- Born: June 21, 1898 Moscow, Russia
- Died: April 29, 1973 (aged 74) Obinsk, USSR
- Scientific career
- Fields: Population genetics, radiation ecology
- Workplaces: Kaiser Wilhelm Institute for Brain Research, Institute for Medical Radiology

= Helena Alexandrovna Timofeeff-Ressovsky =

Russian biologist

Helena Alexandrovna Timofeeff-Ressovsky (June 21, 1898 – April 29, 1973) was a Russian biologist known for her work in developmental and population genetics and radiation ecology.

==Early and personal life==

Helena's father, Aleksandr Fidler, ran a private girls' school. She and her siblings (two brothers and six sisters) were well-educated; some of her sisters studied chemistry and musicology. Helena met her future husband, Nikolai Vladimirovich, while studying biology and zoology in Moscow.

The couple had two sons, Dmitry (born 1923) and Andrei (born 1927). Accused of antifascist activities in Germany, Dmitry was arrested in 1943 and died in the concentration camp in Mauthausen. Andrei became a physicist.

==Scientific career==

Helena and Nikolai co-authored a dozen papers that shaped developmental genetics. Their studies of Drosophila funebris in the 1920s explored the concepts of penetrance and expressivity. In response to Muller's X-ray experiments in the late 1920s, they turned their attention to mutation and population genetics. A 1927 paper provided the first experimental proof of concealed genetic variability.

On the recommendation of N. K. Koltsov, director of Moscow's Institute of Experimental Biology, the Timofeef-Ressovskys were recruited by Oskar Vogt to work at Berlin's Kaiser Wilhelm Institute for Brain Research in 1925. Official reluctance to let the couple leave Russia and enter Germany were overcome in part due to Helena's German ancestry. A number of other Russians, including Sergei R. Zarapkin and his family, technical assistant Natalie Kromm, and the Timofeeff-Ressovskys' nanny, were in residence at the Institute. Berlin was a comfortable place for women in the sciences: Cécile and Marthe Vogt, Estera Tenenbaum, Stella Rose, Rosa Schragenheim, Irmgard Leux, and Gertrud Soeken also worked at the Institute.

Following the Nazi rise to power in 1933, the political climate became increasingly uncomfortable in Germany. The Institute was pressured to dismiss foreigners, women, and Jews. Helena officially retired, though she continued to collaborate with her husband. Despite the efforts of Nikolai and Oskar Vogt, Tenenbaum was forced out of the Institute (and country) in 1934; facilitated by a research grant, Marthe Vogt left Germany in 1935. The situation in the Soviet Union was perilous: members of Nikolai and Helena's families were arrested and some were killed. Colleagues warned against returning home; when ordered to do so in 1937, Nikolai refused. He used competing offers from the United States to negotiate improved working conditions in his Berlin laboratory.
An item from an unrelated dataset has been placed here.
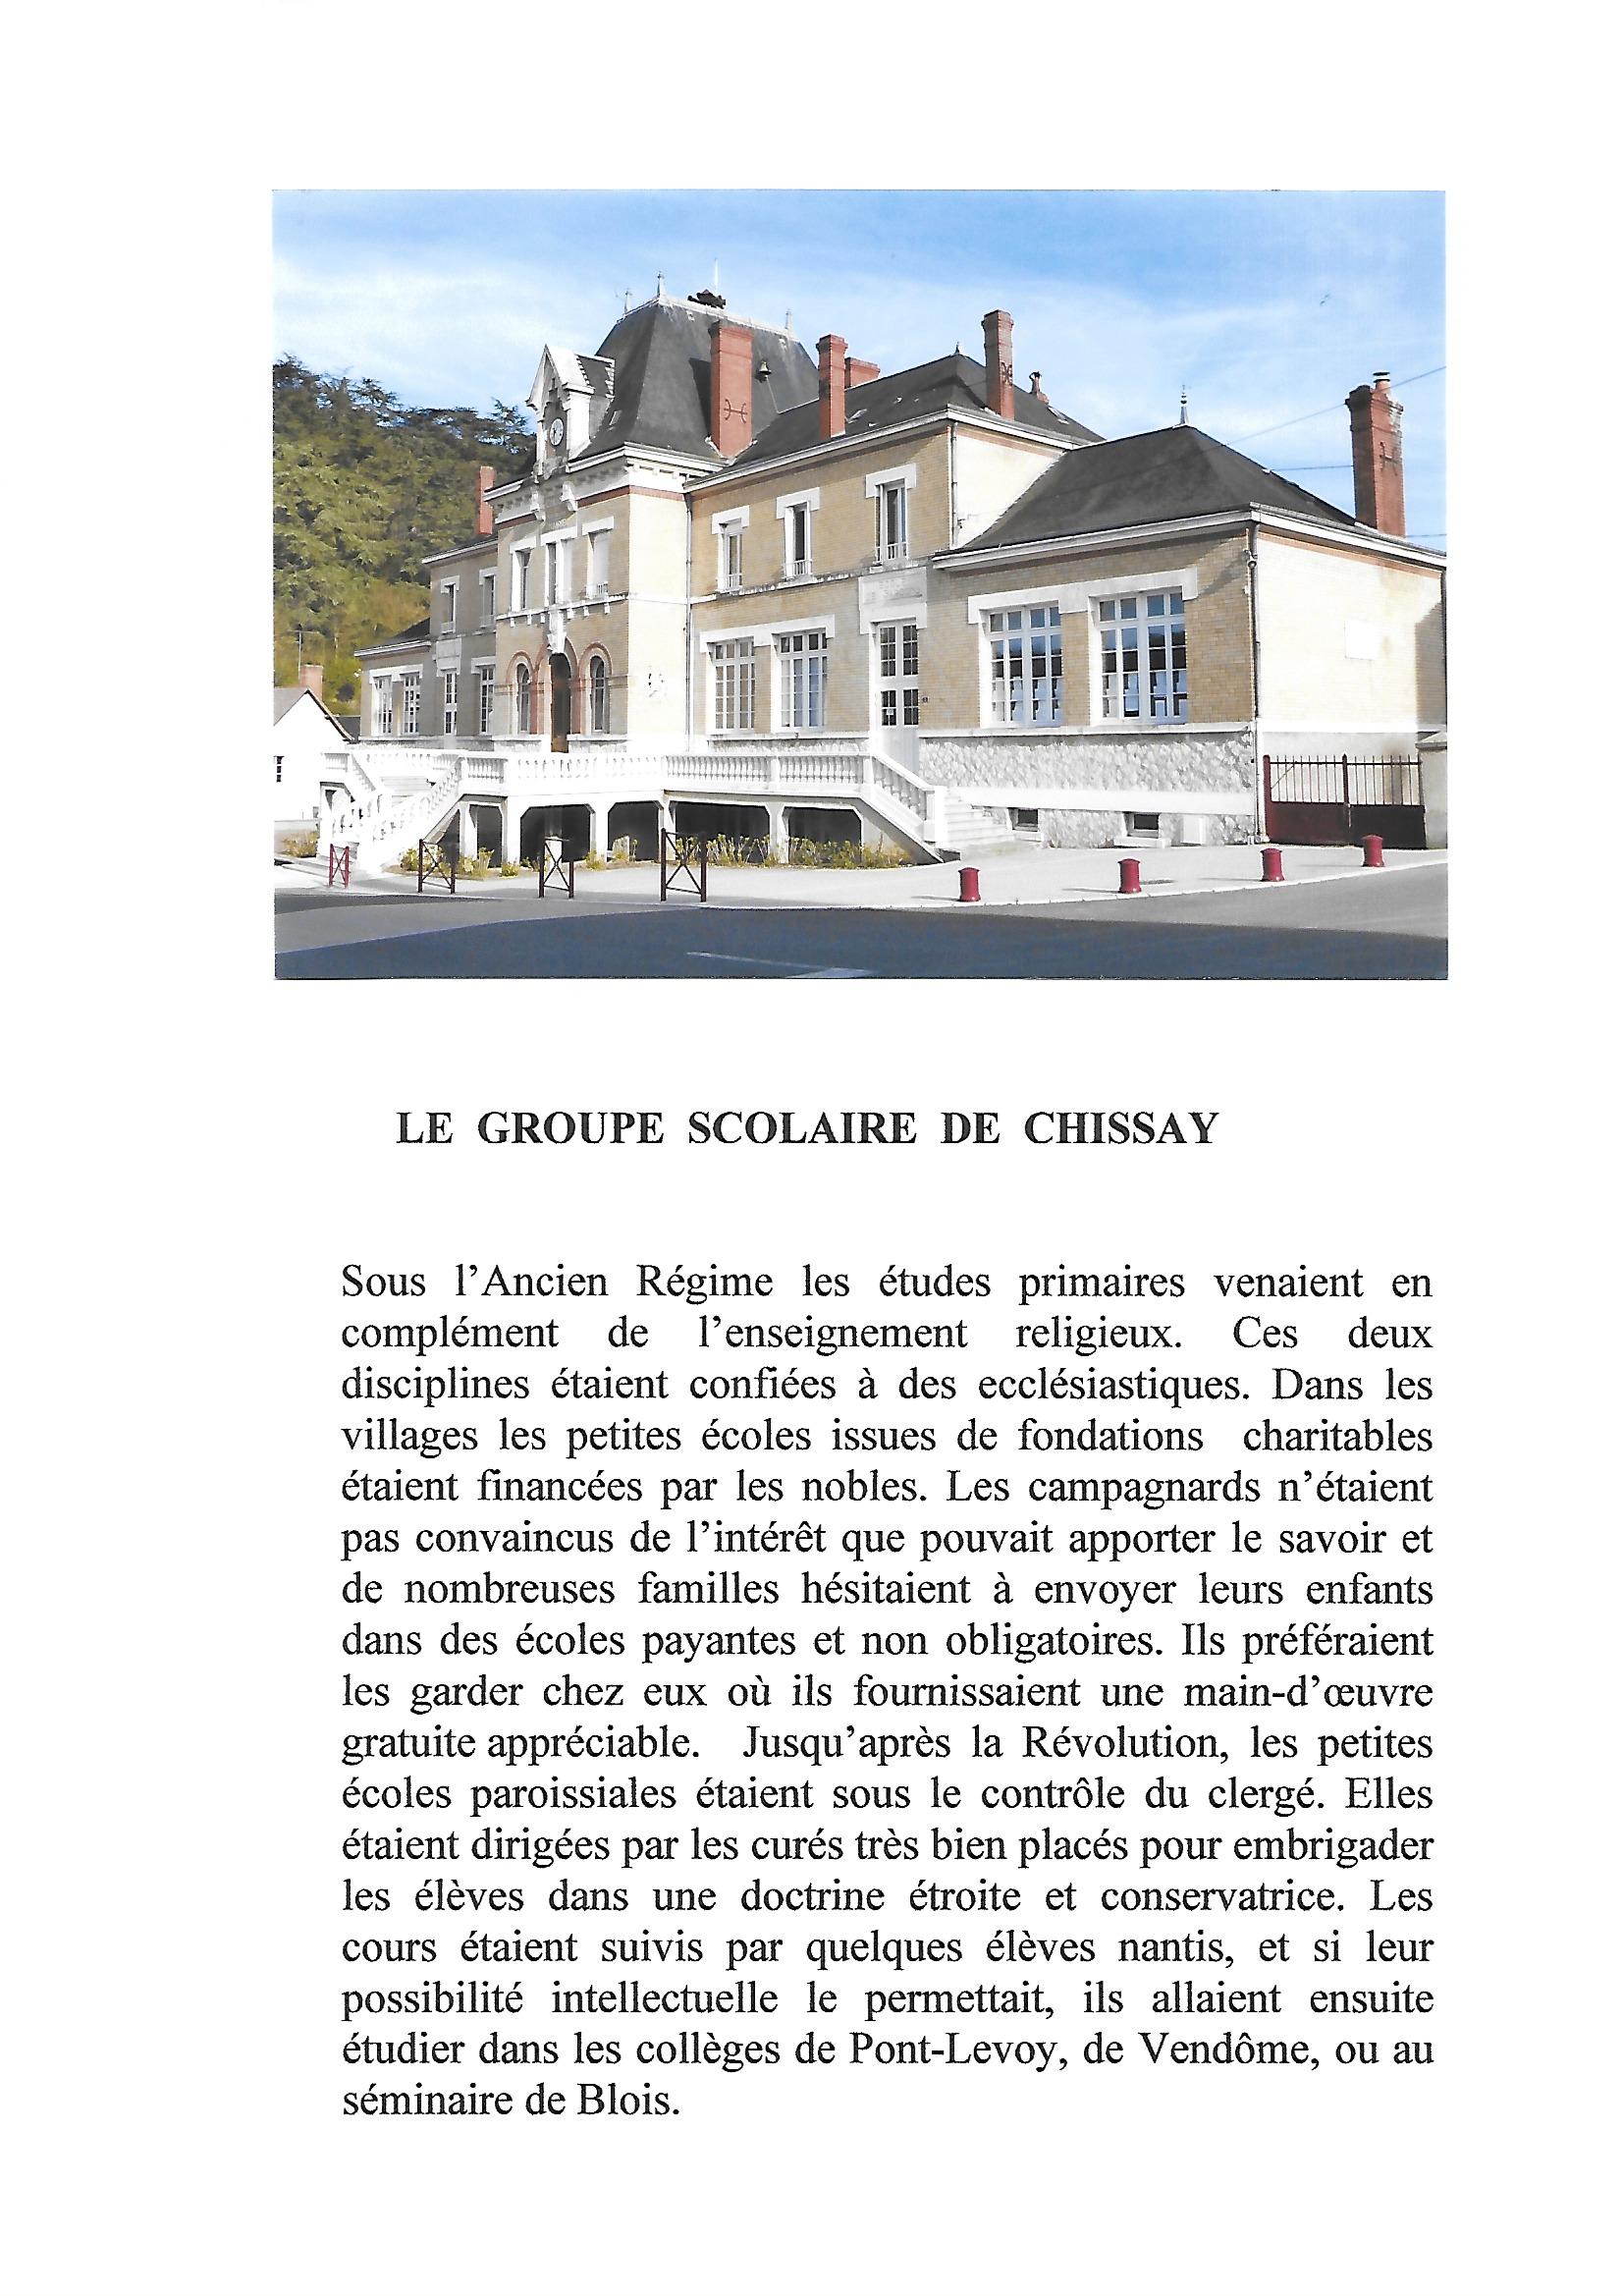 Groupe scolaire de Chissay page 1 - image/jpeg
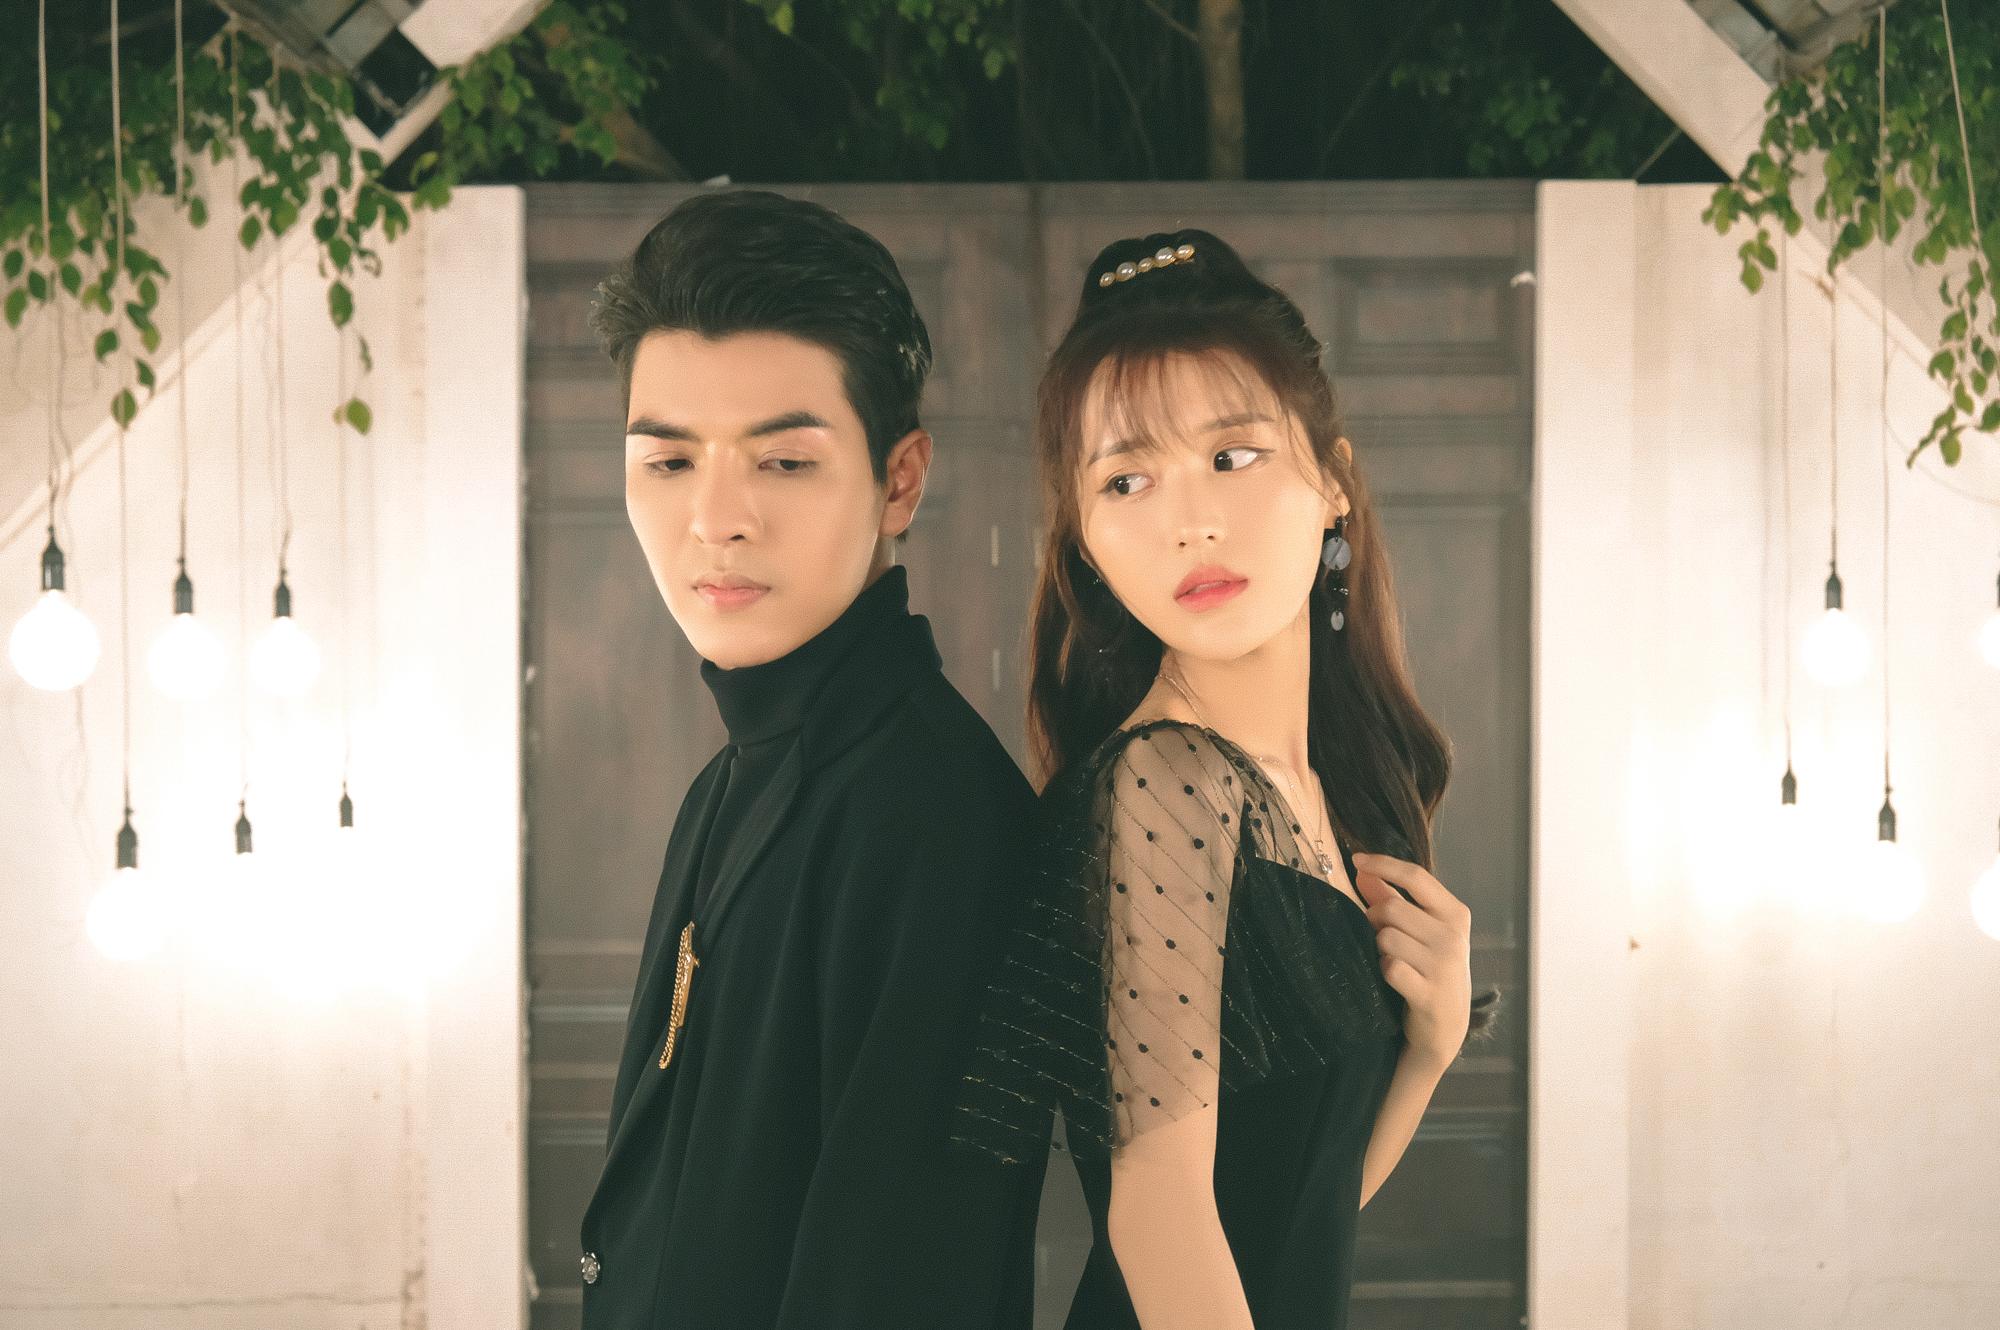 Đỗ Hiếu tình tứ cùng đàn em Han Sara trong sản phẩm âm nhạc đầu tay đi hát

Helena's eldest son was arrested by the Germans in 1943 and her husband by the Russians in 1945. Their fate remained uncertain, but Helena was able to continue working in Berlin while her younger son resumed his studies. From 1946-1947, she worked under Hans Nachtsheim at Berlin University's Zoological Institute. In 1947, she received word that Nikolai was alive, and in August Helena and Andrei joined him in the Urals.

Helena once more worked as a researcher in a department headed by her husband, first in the Urals and then, for the last decade of her life, the Institute of Medical Radiology near Moscow. She continued her scientific work, though she received no salary and opportunities for publication were often limited by the secret nature of her work. During this period, she worked on problems of radiation ecology and population genetics, though the study of genetics was generally disallowed in the Soviet Union until the mid-60s. She was part of the first group in the USSR to study Arabidopsis genetics.

Helena died in 1973; the loss was a serious blow for the husband whose scientific work and political travails had always overshadowed hers. The Max Delbrück Center for Molecular Medicine hosts a lecture series named in Helena's honor.